Hope this makes sense.

Look at this white paper:

http://www.cisco.com/en/US/prod/collateral/switches/ps5718/ps708/prod_white_paper0900aecd80673385.html

30Mpps are PFC packet forwarding rate,the MSFC can process only 500Kpps.

If you don't have DFC on any Card, the PFC will teld to the Cards where the packert should be forwarded. But, for that to happend the packet must hit first the PFC and thare is where the botleneck comes.

Jon Marshall
Hall of Fame
Hall of Fame

Hi

1) Yes as far as i know you are right. The PFC supports up to 30Mpps centralised forwarding if you have all fabric-enabled cards. If you have classic cards in the chassis you only get approx 15Mpps on the PFC.

If you want to get any where near the potential throughput of the 6500 with a Sup720 then as you say you need DFC cards in your fabric enabled modules.

See attached link for more details of performance per mix of cards.

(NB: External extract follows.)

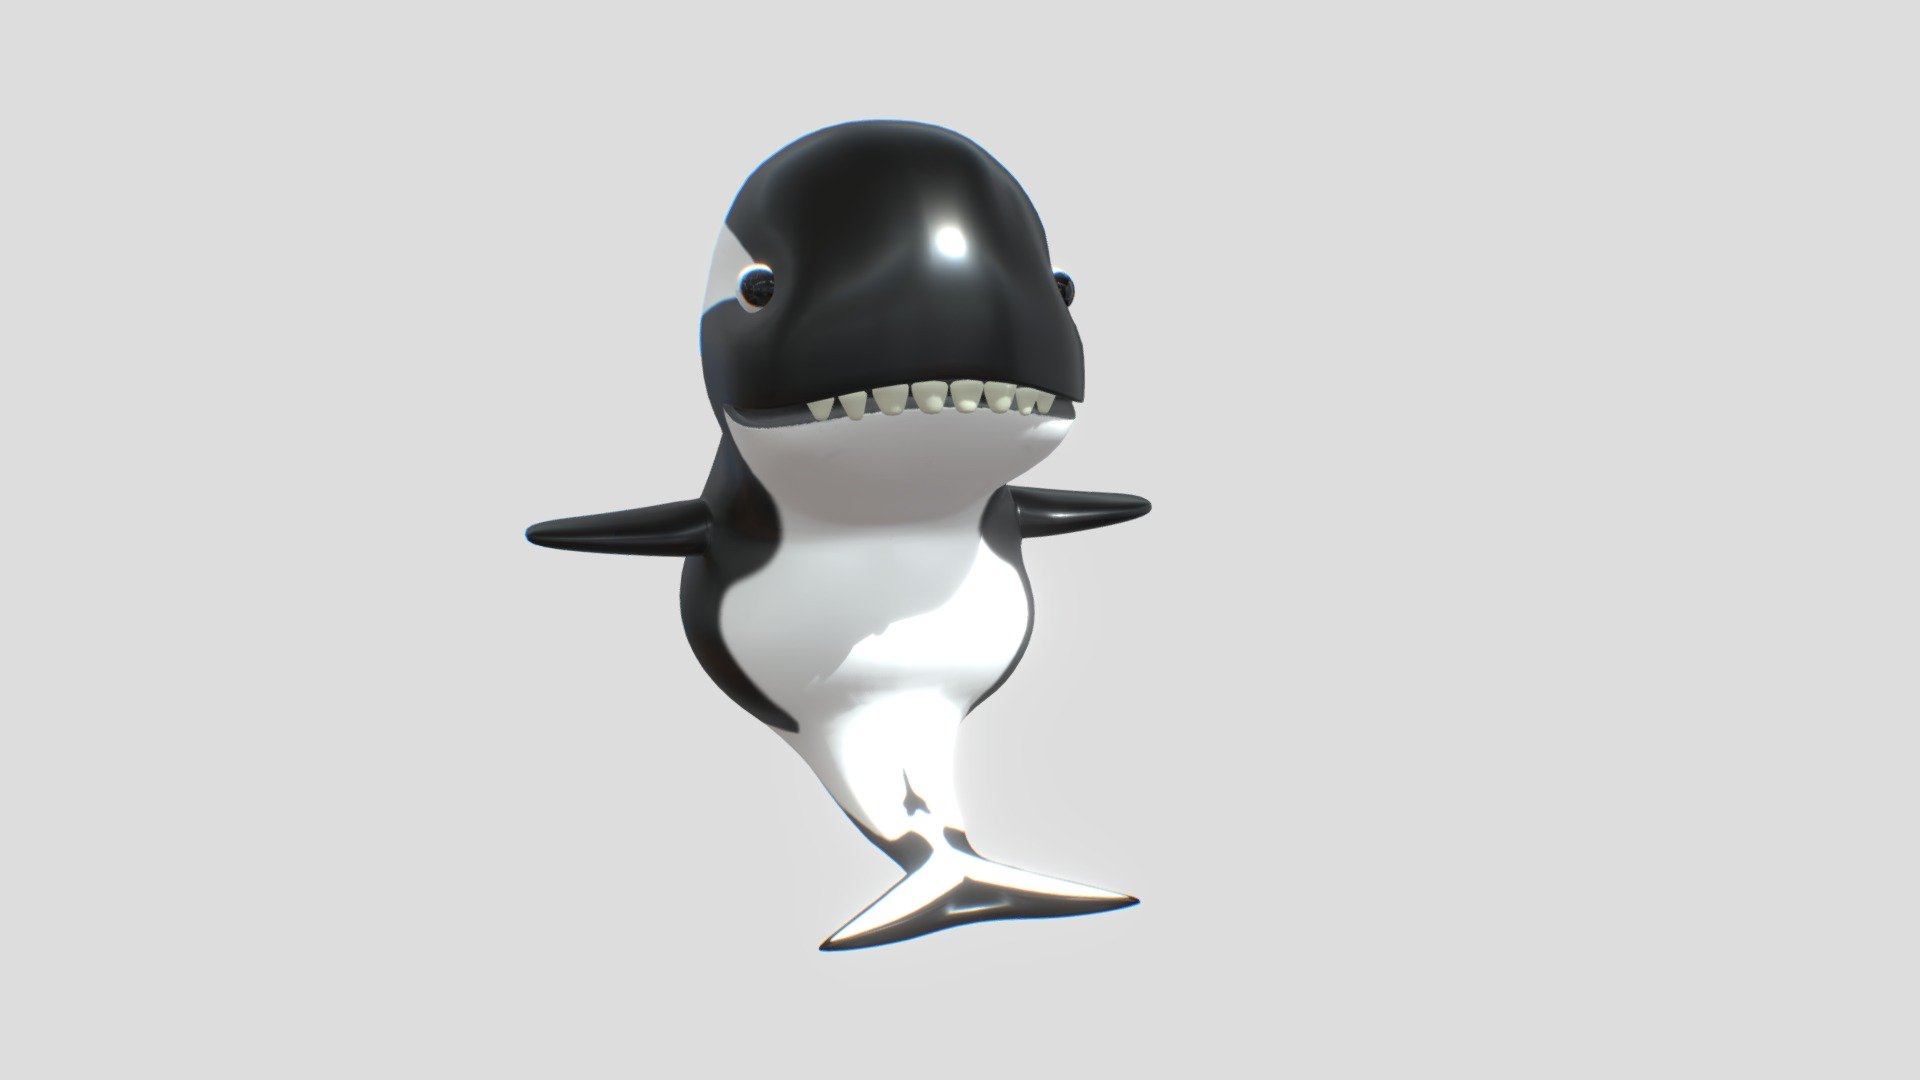 modelo de una orca de la antártica versión cartoon, espero les guste :) - orca cartoon - Download Free 3D model by ignachaaa 3d model

http://www.cisco.com/en/US/prod/collateral/switches/ps5718/ps708/prod_qas09186a0080159963.html

2) I don't believe that it is split evenly between the number of cards, i think it is just a total limit which can be used by any card at any time.

Jon

Joseph W. Doherty
Hall of Fame
Hall of Fame

For 67xx cards w/o DFCs, sup720 provides 30 Mpps for the entire chassis. See http://www.cisco.com/en/US/prod/collateral/switches/ps5718/ps708/product_data_sheet0900aecd801459a7.html and/or (table 2) http://www.cisco.com/en/US/prod/collateral/switches/ps5718/ps708/product_data_sheet0900aecd801459a7.html.

30 Mpps supports about 20 Gbps for 64 byte packets, much more effective bandwidth for larger packets.

So

1) your performance bottleneck will be the pps rate of the sup720 but with a "normal" packet size mix, you should do much better than 15 Gbps.

2) Up to the full capacity of the sup720 but shared across all your cards. (Not clear how capacity is shared if multiple cards want more than sup can currently provide.)

PS:

DFCs provide up to 48 Mpps per card, which is insufficient for wire rate for a 48 gig port card; unlikely you'll hit this. Also, fabric bandwidth to 48 gig port card is oversubscribed, also unlikely you hit this.